# Windows 7 Banned at Georgetown University



## dustyjay (Jan 24, 2003)

Windows 7 Beta Flunks Out Of Georgetown

University's IT department nixes downloads of Microsoft's new operating system.

http://www.informationweek.com/news...ml?articleID=212903508&subSection=All+Stories


----------



## steppenwolf (Apr 9, 2003)

linux is best i think if i could only use it with dial up


----------



## dustyjay (Jan 24, 2003)

I dont use linux, I have tried it, but there are too many pieces of my equipment that require drivers that there are no linux drivers for.

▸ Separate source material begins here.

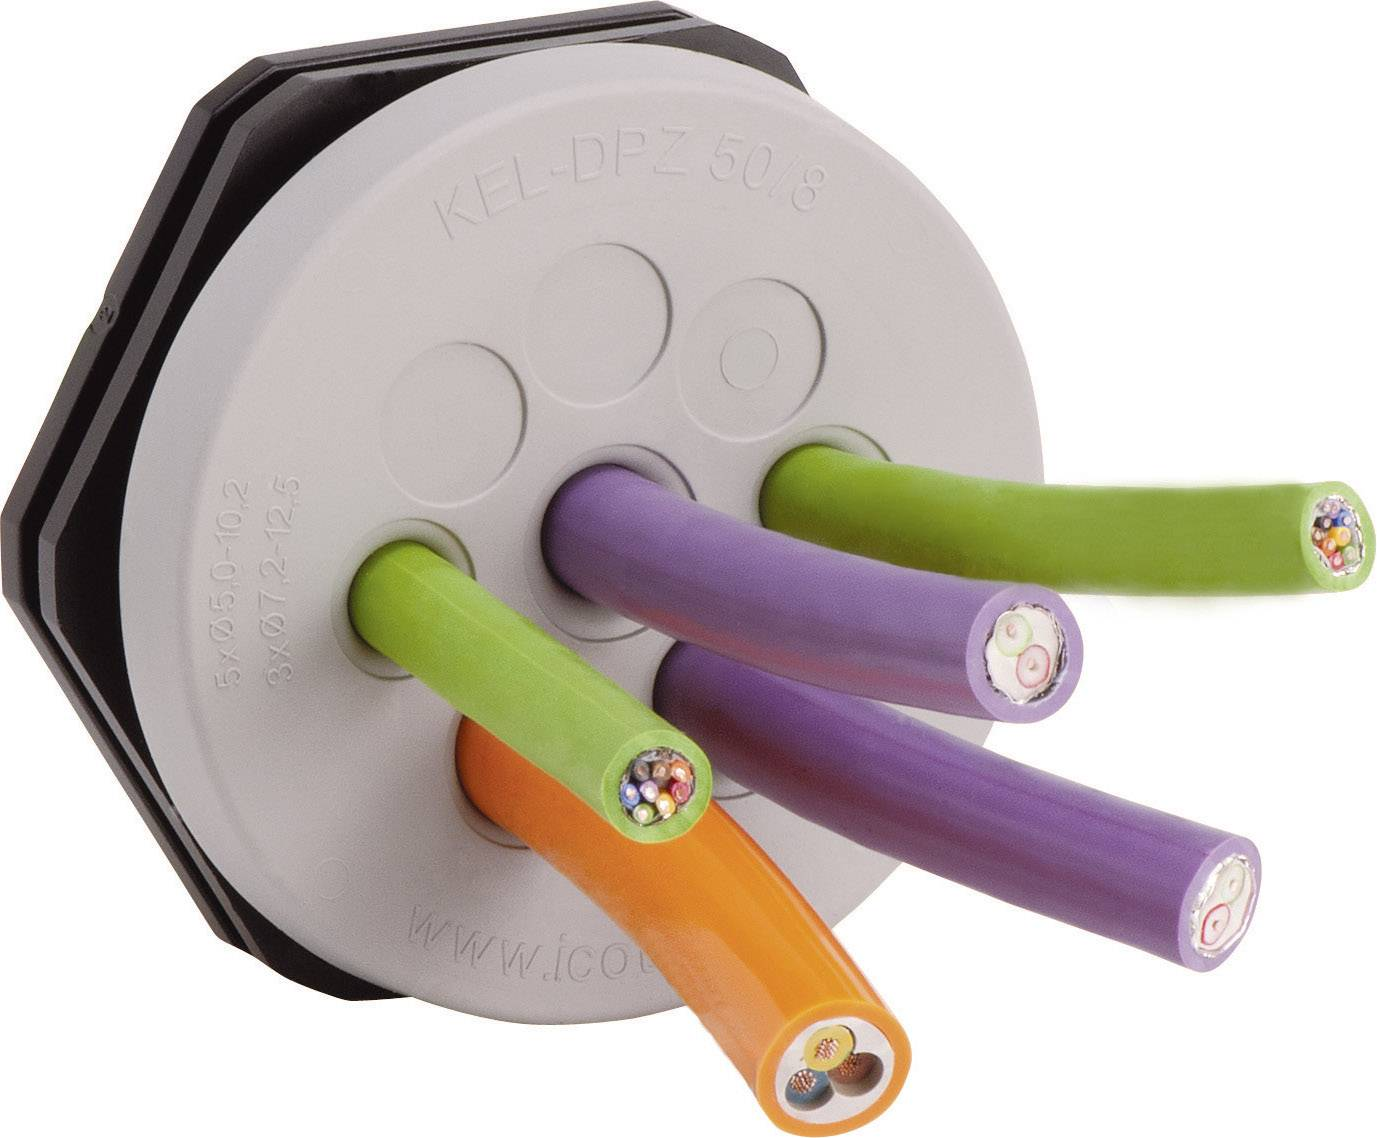 Icotek Uvodnica za kable KEL-DPZ okrogla KEL-DPZ 63|35 velikost: M63 poliamid/elastomer, siva

But then again this post wasn't intended to be a what's best thread, just an interesting development about Windows 7.


----------



## RootbeaR (Dec 9, 2006)

dustyjay said:


> Windows 7 Beta Flunks Out Of Georgetown
> 
> University's IT department nixes downloads of Microsoft's new operating system.
> 
> http://www.informationweek.com/news...ml?articleID=212903508&subSection=All+Stories


Probably to stop the bandwidth usage @2.5GB/download.


----------



## JohnWill (Oct 19, 2002)

This is not exactly news, and it obviously doesn't only apply to Windows 7. Many organizations have similar policies on beta releases of any software.


----------



## Wino (Dec 1, 2001)

steppenwolf said:


> linux is best i think if i could only use it with dial up


Get an external serial port hardware modem and it should work OK with dialup. ISA/.PCI Win modems are a bear to try to get working in Linux. I found an external serial port modem at WalMart for<$20 and it worked fine with Ubuntu.


----------



## StumpedTechy (Jul 7, 2004)

BAH thats not news... Where I work we don't even support Vista and its actually been released to the public


----------